Wednesday, February 27, 2008

some people

11 weeks

For weeks I've been in hiding -- avoiding my co-workers and staying far far away from the Teacher's Room, a staff hang-out full of food and smells and dirty dishes and loud social conversation. I've been sitting at my desk trying to choke down a few saltines, holding my breath if I have to pass the cafeteria and counting the minutes until I can go home and sleep.
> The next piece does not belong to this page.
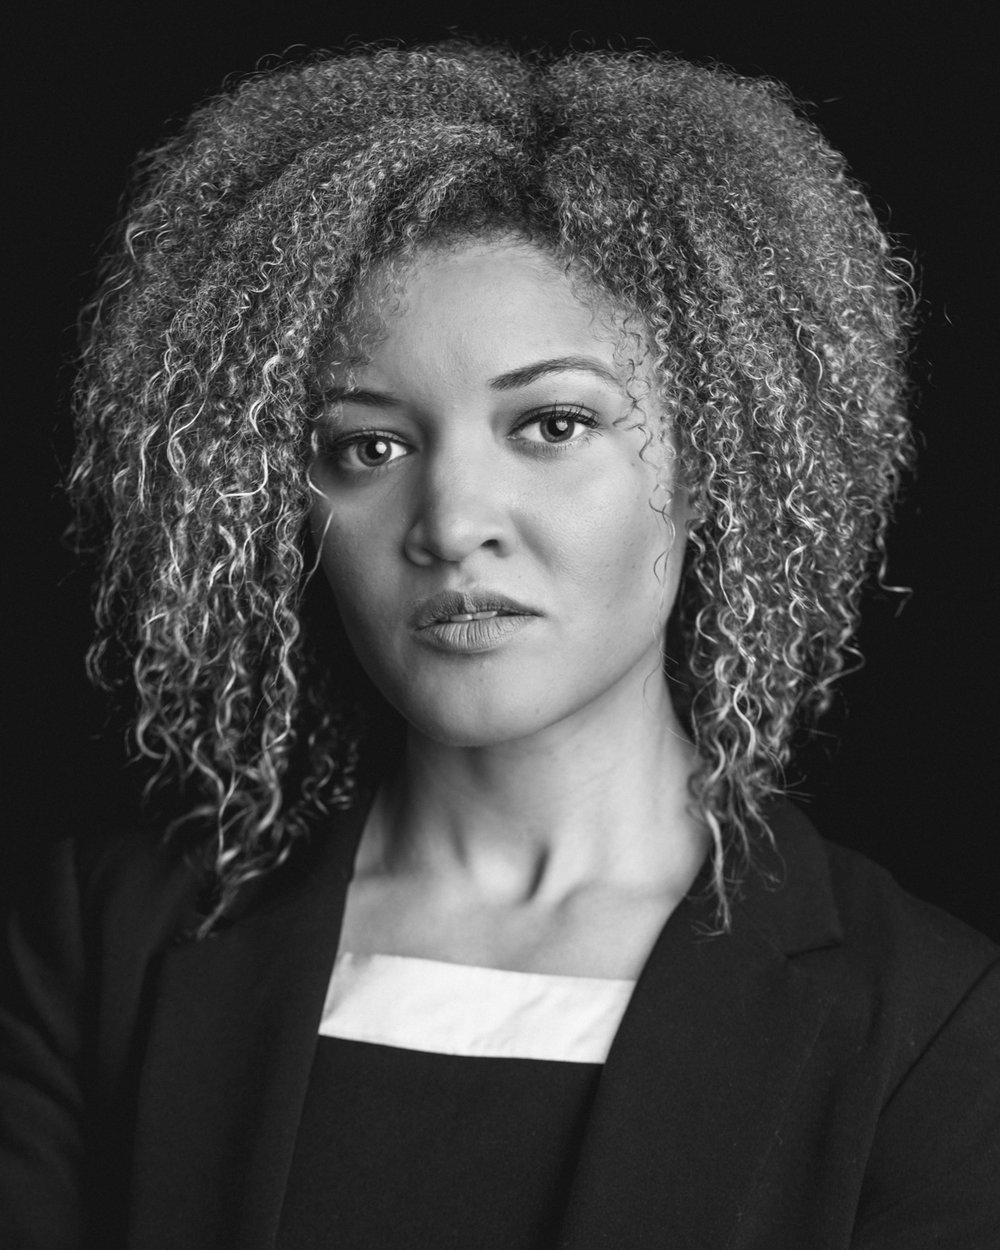 Sheena Jackson EDITS - WEB-2402-2.jpg

But I have turned a morning sickness corner and my energy and appetite are coming back from the dead. (Yayyyy!!!!!) Yesterday I make my return to the Teacher's Room. I am actually feeling social and enjoying my 15-minute break. I am chatting with people I haven't spoken a word to in weeks when suddenly the woman sitting next to me turns to me and says, "By the way, congratulations!"

Very nice of her. Only I have not yet offered an announcement worthy of any type of congratulatory remark.

My face turns to stone and I quickly respond under my breath with, "It's not public yet," to which she replies, "I know. But you are."

What?!?!?! How does she know? Did she overhear something? Did she notice how green I was for weeks? Or am I already showing at 11 weeks?!?!?! I am mortified!! I make a vow to myself never to make eye contact with this woman again (which is fine with me since she's not my favorite to begin with) and I stand up and walk back to my classroom with fire under my skin. If anyone else heard her, they have enough common sense to keep it to themselves.

Once I get past her ridiculous inappropriateness, I make a decision. It's time to tell. I was planning to wait until after my ultra-sound next Friday but I suddenly don't feel like waiting anymore. I like my workplace and I like my staff and I know they will be jumping-for-joy happy for me. I don't want my news to be spread with a rumor flying around behind my back. I want to be the one to share it. I've at least earned that.

So Monday is the day.

I think.

Sunday, February 24, 2008

sleeping through the first tri

10 1/2 weeks

If you're wondering where I've been and why I haven't been writing, well here's your answer. In bed. I've been sleeping about 10-12 hours at night and taking a 2+ hour nap every afternoon. And I'm still exhausted!!!! And not just a little tired. I am the all-nighter-I-haven't-slept-in-weeks kind of exhausted. Thank goodness for school vacation this week. It's been my heaven. But tomorrow is back to work for me, and I must say I am dreading it.

But as my husband puts it, it's one day closer to meeting our baby. Or at least one day closer to our next milestone. We have our 12-week ultra-sound scheduled for March 7 and I am counting the days.

That's it for now. I love sleeping. Good-night.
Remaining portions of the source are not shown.